[[ Supplied data open ]]

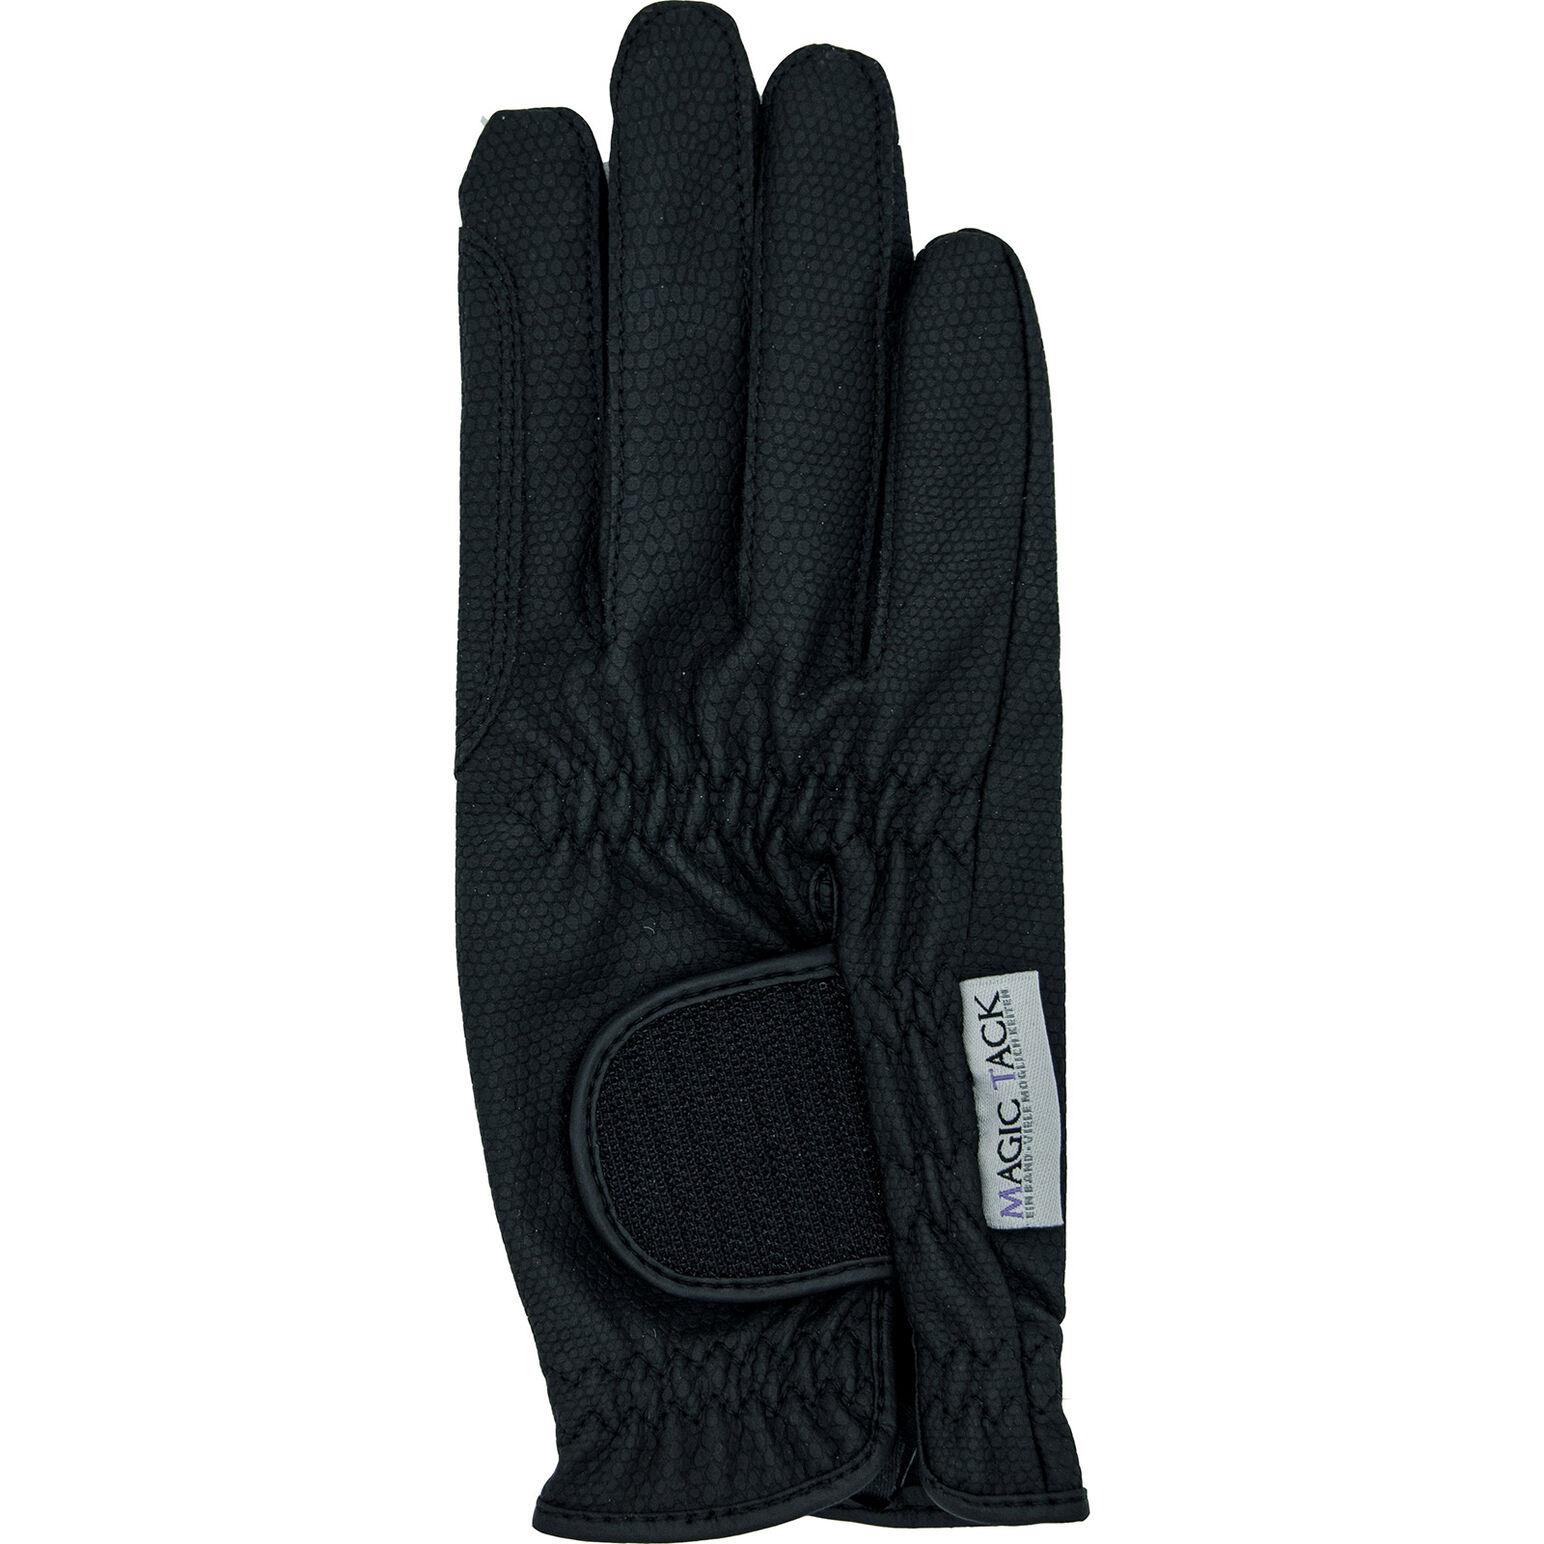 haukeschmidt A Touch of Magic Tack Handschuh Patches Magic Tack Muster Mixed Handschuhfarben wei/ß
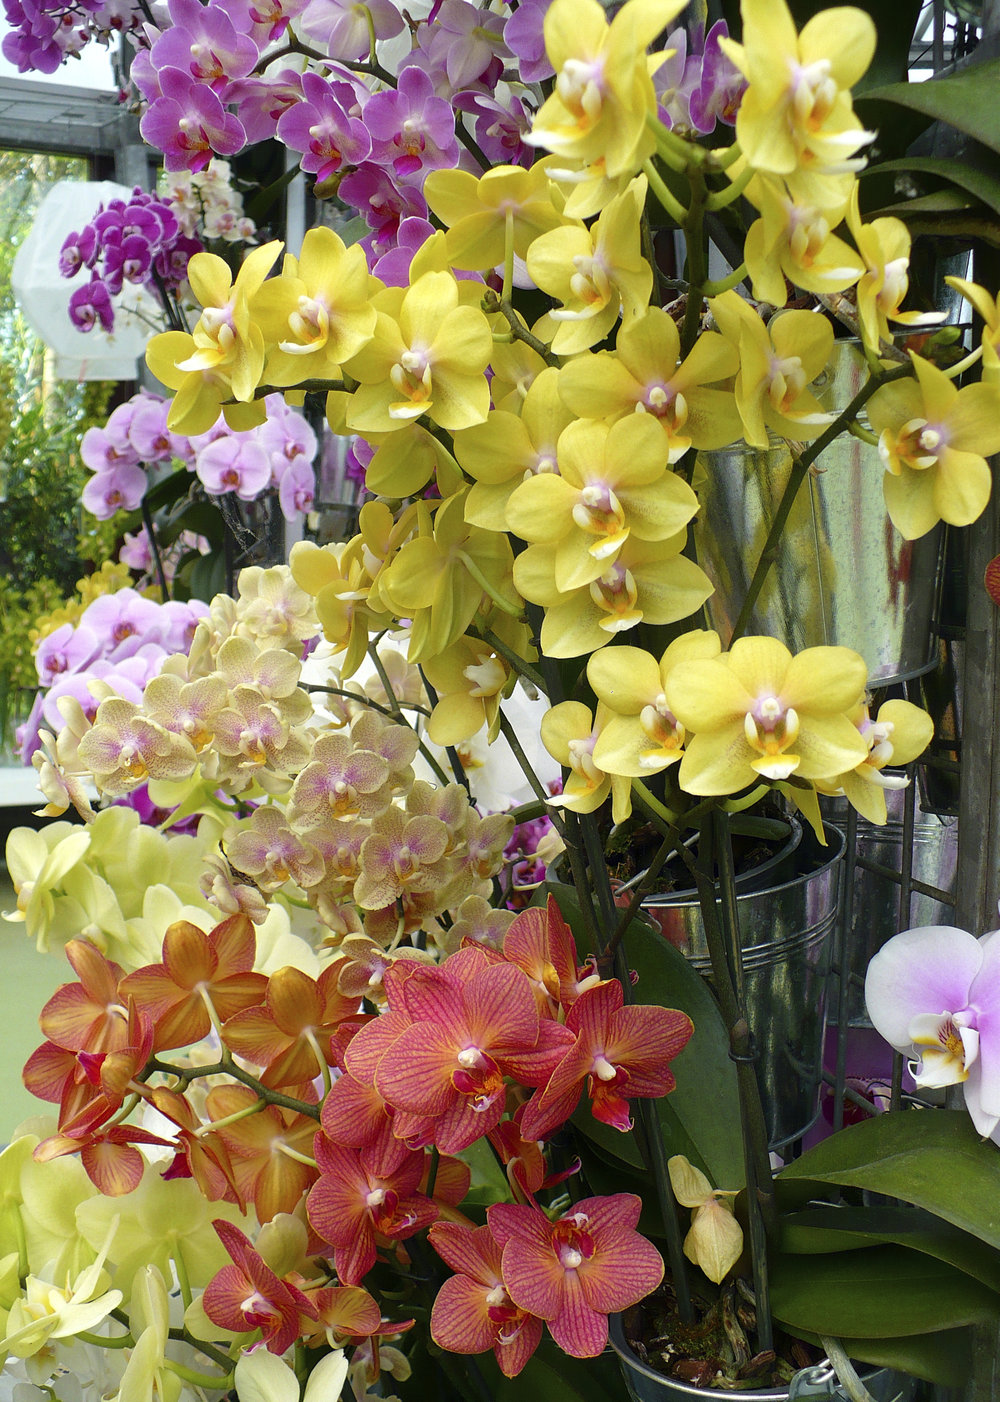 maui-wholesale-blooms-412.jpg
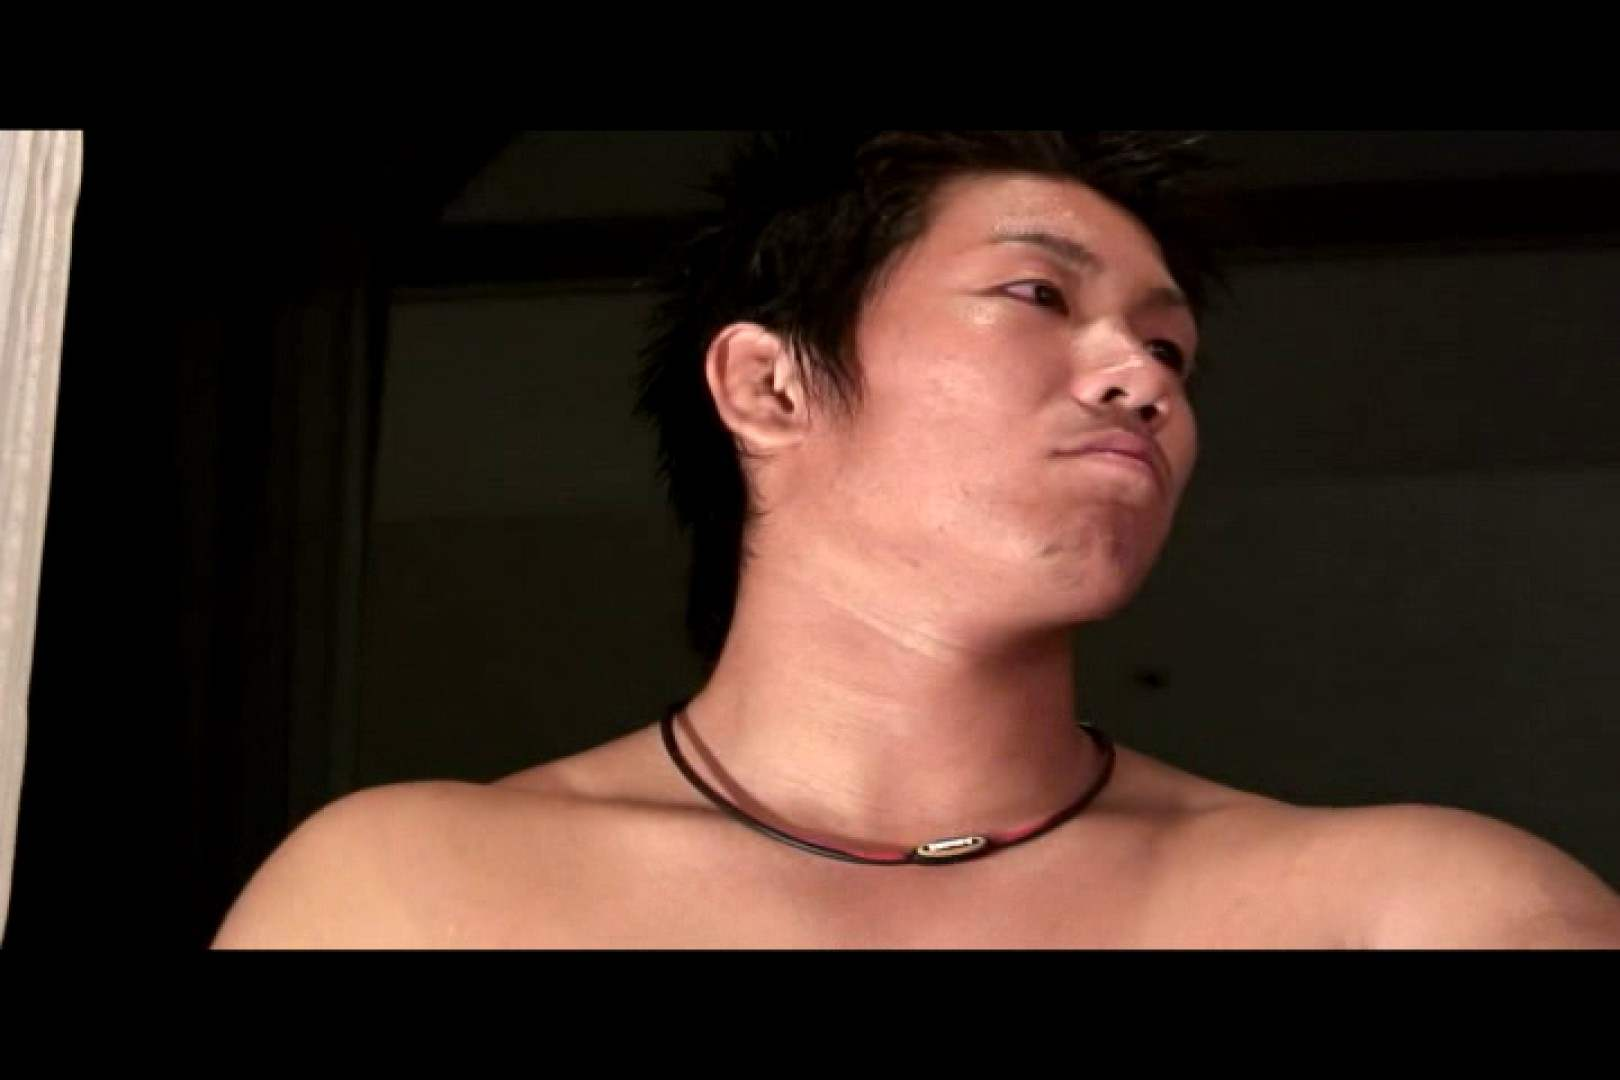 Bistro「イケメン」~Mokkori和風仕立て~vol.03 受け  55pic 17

[[ Supplied data closed ]]

Print each line above exactly as it appears, excluding all images.

■ Response area ■
 haukeschmidt A Touch of Magic Tack Handschuh Patches Magic Tack Muster Mixed Handschuhfarben wei/ß
 maui-wholesale-blooms-412.jpg
 Bistro「イケメン」~Mokkori和風仕立て~vol.03 受け  55pic 17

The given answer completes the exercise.